It is necessary to have a minimum wage to make sure companies will priorities
local talents. The "n citizen jobs per m foreign jobs" model sometimes create
busy-work but I think that is a fair combination to wage floor.

I believe it is important to do everything to help integrate skilled workers
to society. Make them feel they belong. They are more valuable assets if they
stay. Of course it has to be in accordance with population and unemployment
metrics.

There is this annoying double standard currently. If they invest and spend in
the US we complain, and if they remittance to the home country again we
complain. And now this work ban is like telling them mine and run because we
don't want you here.

------
exwiki
This is just sad.

------
anonymous_i
I will throw a different perspective here on why tightening regulations on H-4
spouse work is important:

\- Fact is everyone comes to the US to have a better economic life.

\- Even asylum seekers, would want to move to the US over any other
progressive European nation , because, American Dream, easy upwards mobility,
diversity. This is a personal observation.

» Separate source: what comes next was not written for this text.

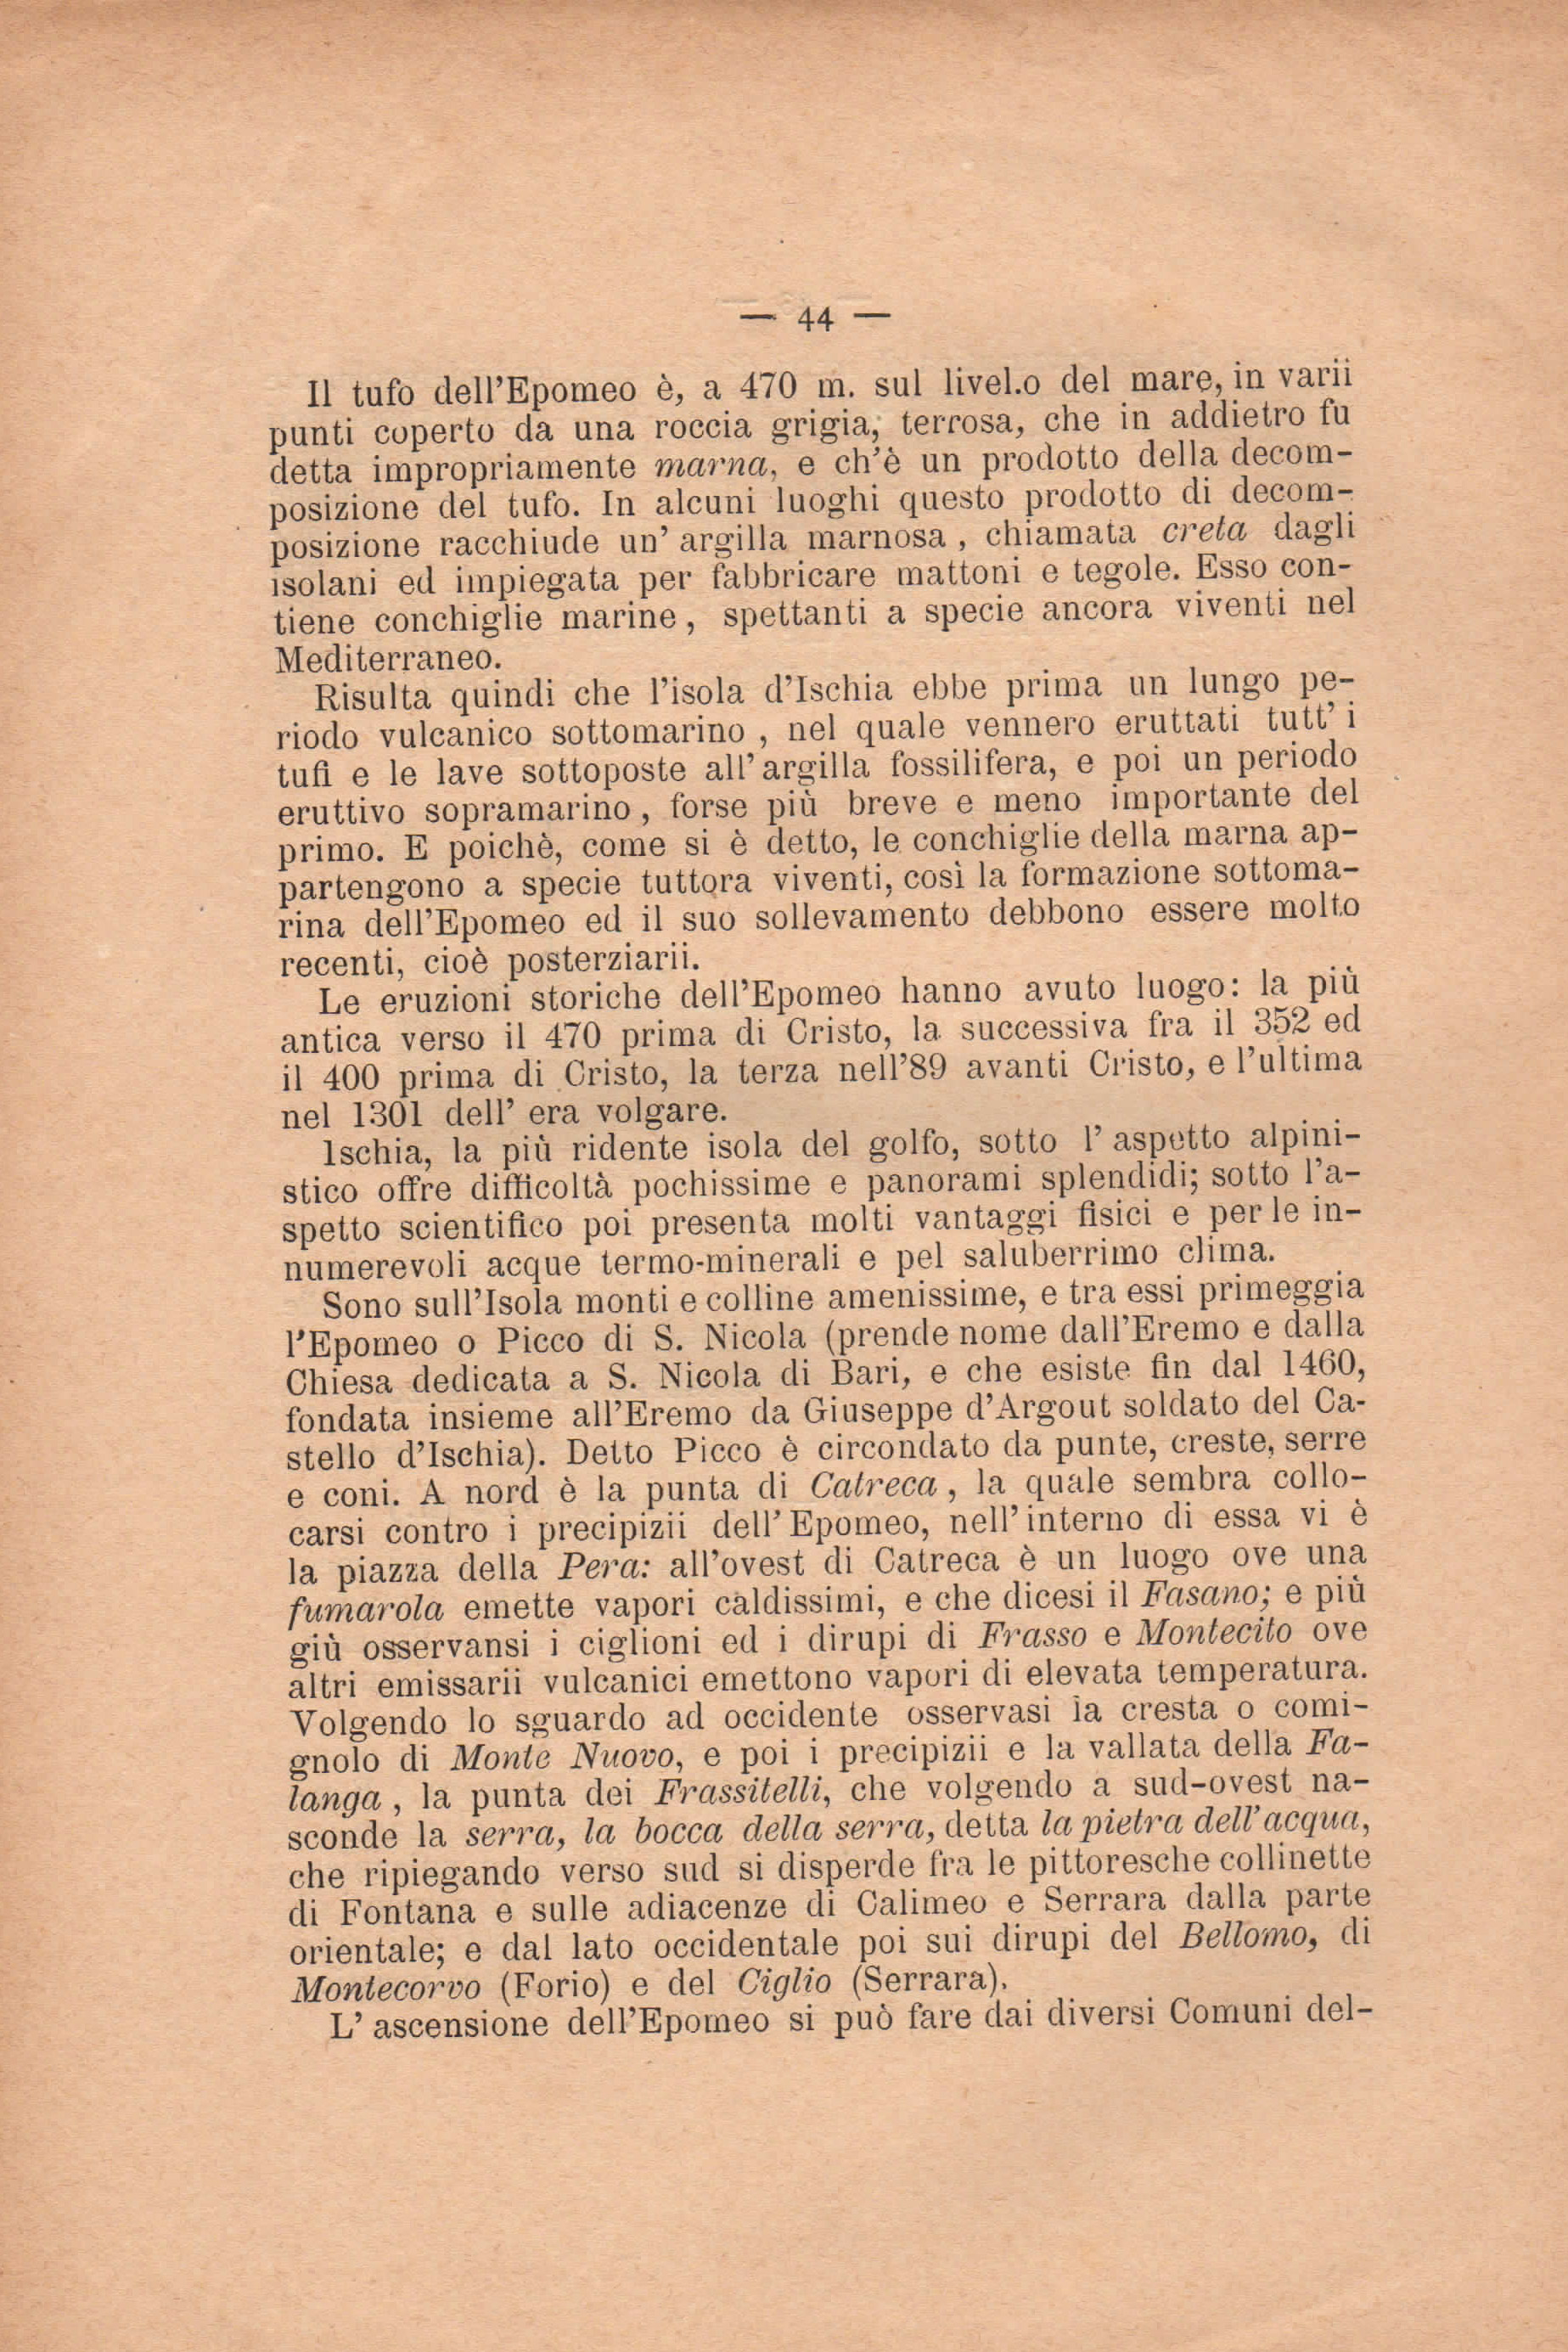 CAI Ischia - documento del 1893
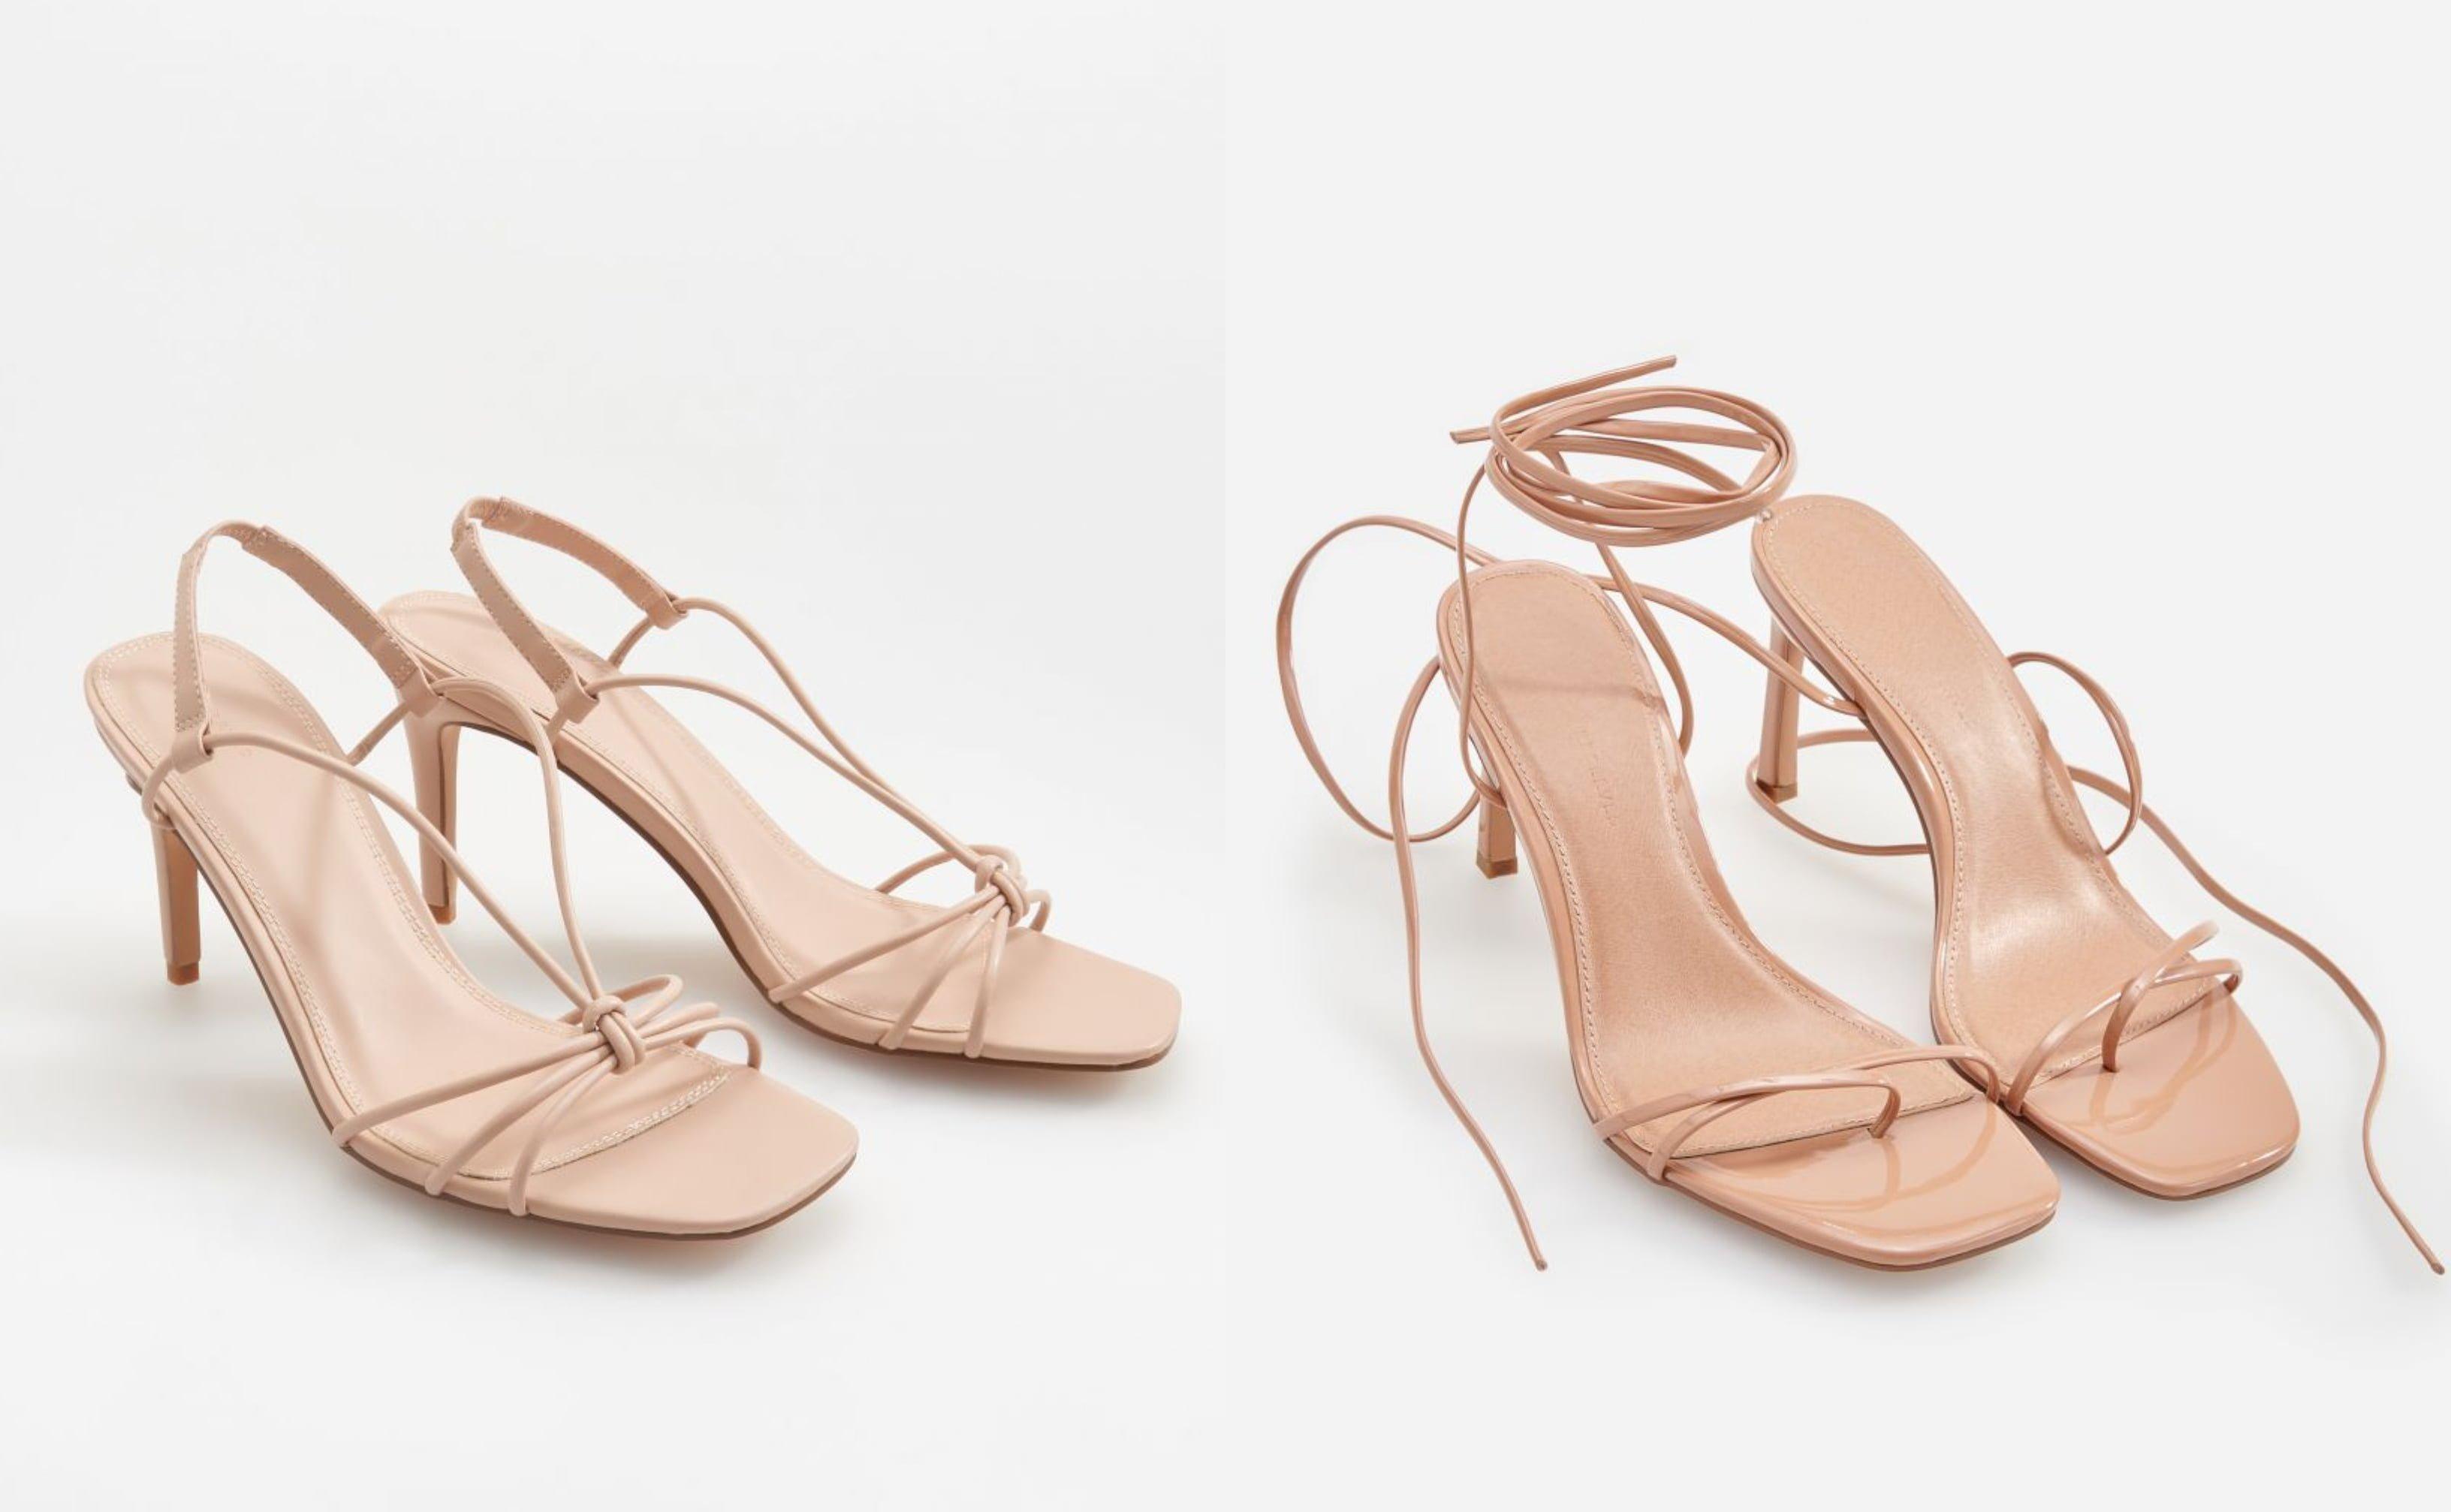 Najljepše nude sandale iz aktualnih kolekcija high street brendova

Let me shed some light on how it works for Indian people. You can extrapolate
it to other entities too.

    
    
      - Indian girls in general conveniently marry a US living 
        husband of their parents choice(not all but many), and 
        compete for the same jobs with kids who finished their 
        Masters Degrees here.
    
      - H-1B visa system is fucked up. Infosys and Wipro and 
        TCS ship tons of their employees to the US.These people 
        work at a price less than the current market price.
    

\- This is bad for three reasons:

    
    
       - Kids don't want to come to the United States to do their Masters because, job market 
         is tight. Its bad for schools and kids too. Schools for those foreign dollars, for kids- its important to have
         an exposure to outside world - this helps shape world view in a tremendously good way.
    
       - These people are employed mostly to replace existing American workers.
    
       - From my observations, the reason I am biased in favouring kids coming here for 
         Masters is because, with in the time it takes to finish their education, and the 
         time it takes to find a job, they imbibe American culture. This may sound silly, but 
         it is very important. These people at some time will become citizens and will become 
         part of national discourse. 
    
      - Contractors shipped by Infosys and Wipro and TCS could never be part of that. It is 
        hardly possible. Again , its a personal observation. 
    

\- So , how do all these things tie together

    
    
       - Someone who finishes his Masters in the United States is expected to find a job with in three months of his 
         OPT(Optional Practical Training) start date.
    
       - Now these people are mostly by themselves and invested heavily for their education. No reason why these people 
         flock to so called 'consultancies'.
    
       - Compare that to the spouses of existing H-1B visa holders, who never invested anything here. No cultural 
         investment, nor education. They have a security to live here for as long as their relatively smart husband is 
         allowed to live. With unlimited amount of time compared to some one with a Masters degree, they are at a 
         disproportionate advantage.
    
       - People finishing Masters should be given precedence over H4 spouses and H-1B's(for reasons above) hired by 
         outsourcing companies.
    
       - There is more to it than we know.For all the xenophobia, this administration is displaying there are times, 
         they are not wrong.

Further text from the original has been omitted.